Genome scale transcriptomic analysis of maternal blood provides a window into the changes that occur throughout pregnancy and parturition. We have previously identified differences in mRNA expression in whole blood and peripheral monocytes[17], as well as differences in miRNA concentration in whole plasma, extracellular vesicles (EVs), and EV depleted plasma in women undergoing sPTL. The goal for this analysis was to identify changes in miRNA expression in maternal whole blood and monocytes in the same population (15 women undergoing sPTL and 30 pregnant women matched on gestational age not undergoing labor) and to integrate these results with our previous findings. We hypothesize that there are changes in miRNAs in whole blood and monocytes of women undergoing sPTL compared to controls, which are related to the role of these miRNAs in transcriptional regulation of labor-associated genes. Through this miRNA analysis and integration with next generation sequencing mRNA data from the same individuals, we obtain a better understanding of the transcriptional regulation that occurs in the context of PTL.
MATERIALS AND METHODS
Study Design
Participants were derived from a subpopulation of the Ontario Birth Study (OBS); a continuously enrolling prospective cohort at Mount Sinai Hospital (MSH) in Toronto Canada. Inclusion criteria for the OBS included: pregnancy diagnosed <17 weeks, maternal age >18, English speaking, signed informed consent, and intent to deliver and receive antenatal care at MSH. Exclusion criteria included non-viable neonate and/or inability to provide consent. 15 patients who delivered prematurely between 24-34 weeks of gestation (Preterm labor or PTL) were matched to a subpopulation of 30 women from the OBS whose blood was taken at the same time point (gestational age), who later delivered at term (>37 week; term labor or TL). A full description of this subpopulation is described in other manuscripts [17] [18]. This study was approved by the Research Ethics Board of Mount Sinai Hospital, Toronto, Canada (#04-0024-E). All patients provided written consent as part of the OBS at Sinai Health System, Toronto, Canada.
Specimen Collection
In PTL patients, peripheral blood samples were collected prospectively at the point of hospital admission, and in TL controls blood was collected during the regular antenatal visit. Blood was collected into both PAX gene tubes (Qiagen; Hilden, Germany) for whole blood isolation and EDTA blood collection tubes for monocyte separation. Monocytes were separated through the Monocyte RosetteSep cocktail (Stemcell Technologies, Vancouver CA), followed by high density gradient centrifugation to generate a highly purified monocyte fraction for subsequent mRNA isolation.

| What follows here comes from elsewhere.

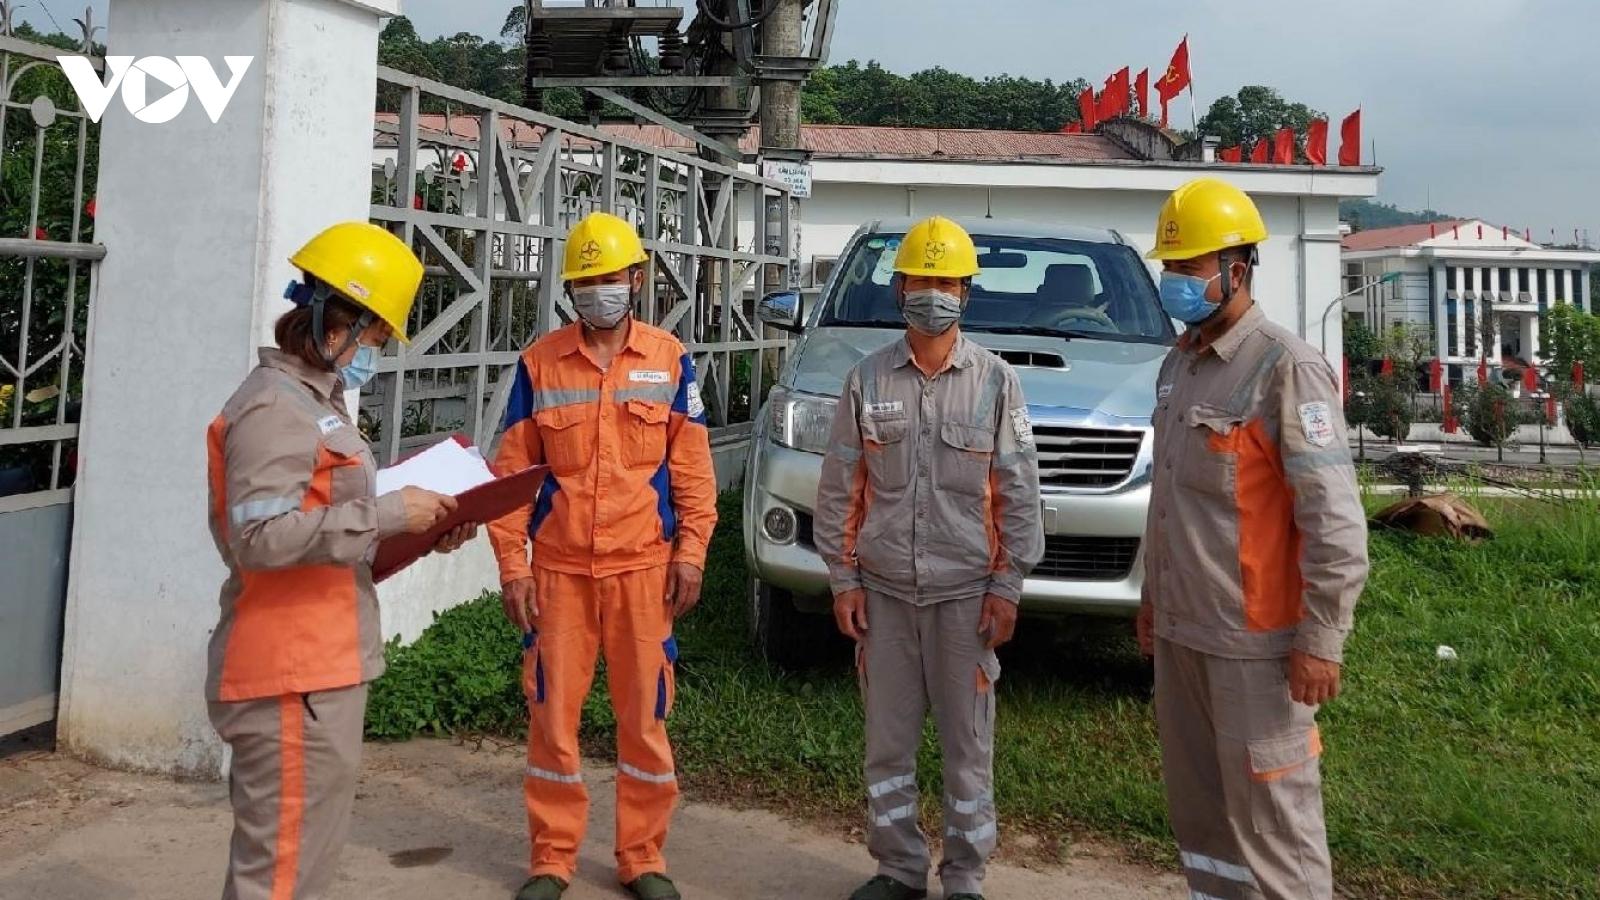 Ngành điện Yên Bái sẵn sàng phương án, đảm bảo cấp điện ổn định trong ngày bầu cử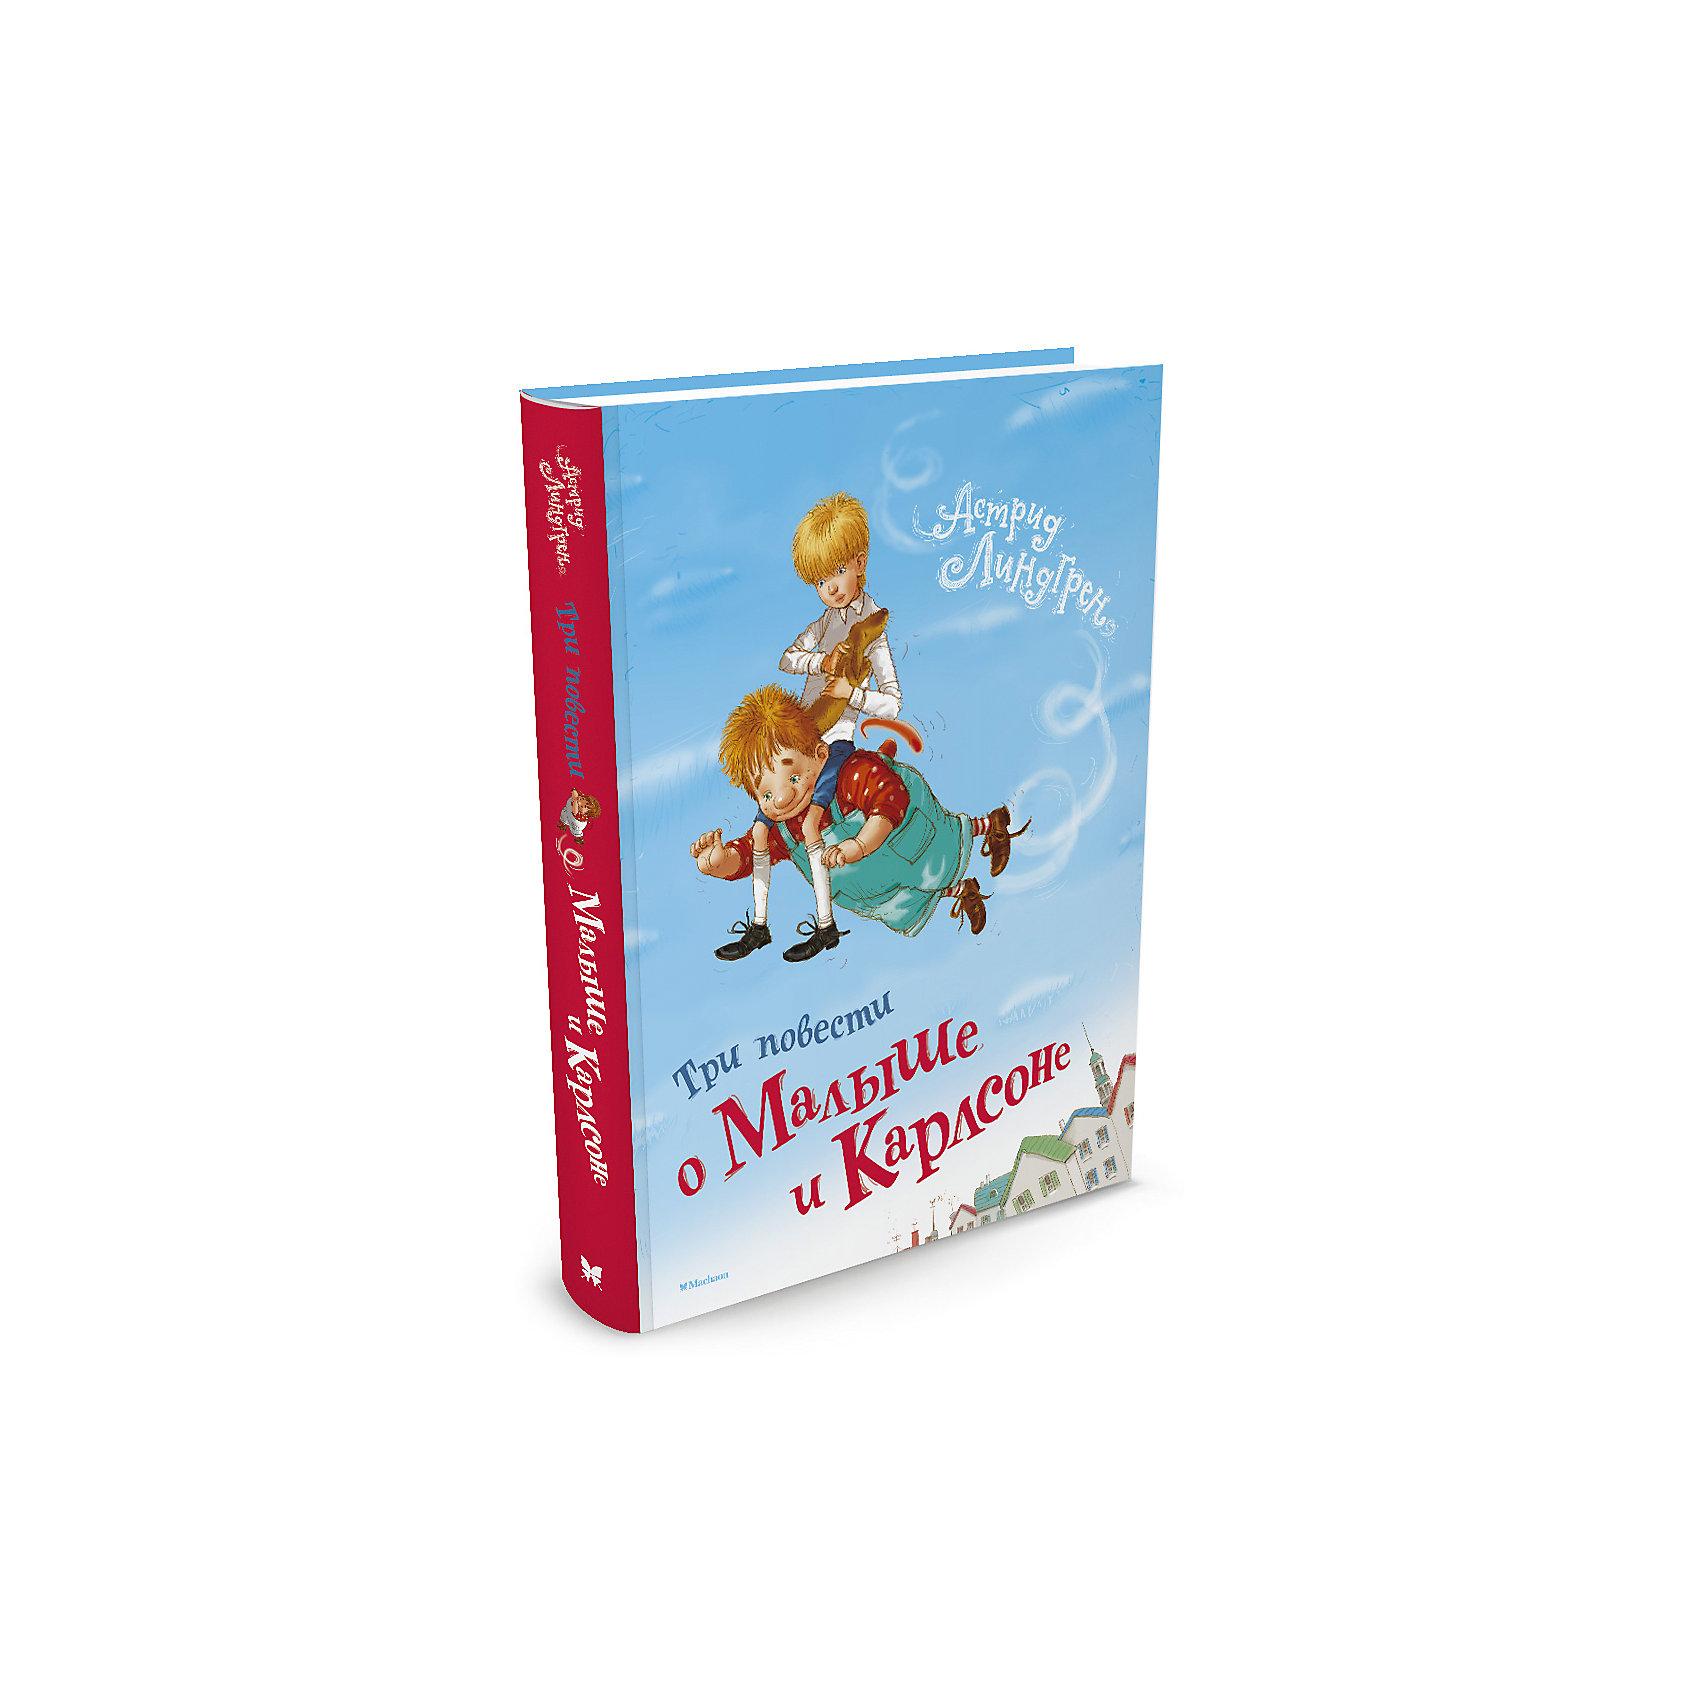 Три повести о Малыше и Карлсоне, Астрид ЛиндгренЛиндгрен А.<br>Содержание:<br>- Карлсон, который живет на крыше<br>- Карлсон, который живет на крыше опять прилетел<br>- Карлсон, который живет на крыше, проказничает опять <br><br>Серия детских книг Малыш и Карлсон знаменитой писательница Астрид Линдгрен, выпущенных издательством Махаон станет достойным пополнением Вашей домашней библиотеки. Три повести о Малыше и Карлсоне - хорошо всем знакомая трилогия о веселых приключения забавного человечка с мотором Карлсона и его друга Малыша. Книги Астрид Линдгрен давно стали классикой мировой детской литературы и несомненно станут любимыми книгами и для Вашего ребенка. Волшебный мир, созданный шведской писательницей в своих книгах и населяющие его удивительные герои прививают у маленьких читателей любовь и интерес к чтению.<br><br>Дополнительная информация:<br><br>- Автор: Астрид Линдгрен.<br>- Переплет: твердый переплет.<br>- Иллюстрации: цветные.<br>- Объем: 352 стр.<br>- Размер: 29,2 x 21,7 x 2,5 см.<br>- Вес: 1,380 кг.<br><br>Книгу Три повести о Малыше и Карлсоне от Махаон можно купить в нашем интернет-магазине.<br><br>Ширина мм: 293<br>Глубина мм: 217<br>Высота мм: 22<br>Вес г: 1440<br>Возраст от месяцев: 72<br>Возраст до месяцев: 132<br>Пол: Унисекс<br>Возраст: Детский<br>SKU: 3539889

Small RNA Sequencing and Quantification
Whole blood RNA was isolated using a PAXgene blood miRNA kit (Qiagen Hilden, Germany), and from peripheral monocytes using TRIzol LS reagent (Thermo Fisher, Waltham MA) following manufacturer’s instructions. RNA quality was determined using Experion analyzers (BioRad, Hercules CA) and sequenced at The Center for Applied Genomics at the SickKids Hospital, Toronto, Canada. Library preparation was performed following the New England Biolabs NEB Next multiplex small library preparation protocol, with 400 ng of total RNA as the input. The 3’ adapter was ligated to the small RNA, followed by reverse transcriptase (RT) primer hybridization to the 3’ adapter and then the 5’ Adapter was ligated to the opposite end. Libraries were generated using first stranded synthesis then enriched by PCR. Quality and size was determined using the Bioanalyzer 2100 DNA High Sensitivity chip (Agilent Technologies, Palo Alto CA), and libraries were quantified by qPCR using the Kapa Library Quantification Illumina/ABI Prism Kit protocol (KAPA Biosystems, Wilmington MA) and sequenced on Illumina HiSeq 2500 (Illumina, San Diego CA).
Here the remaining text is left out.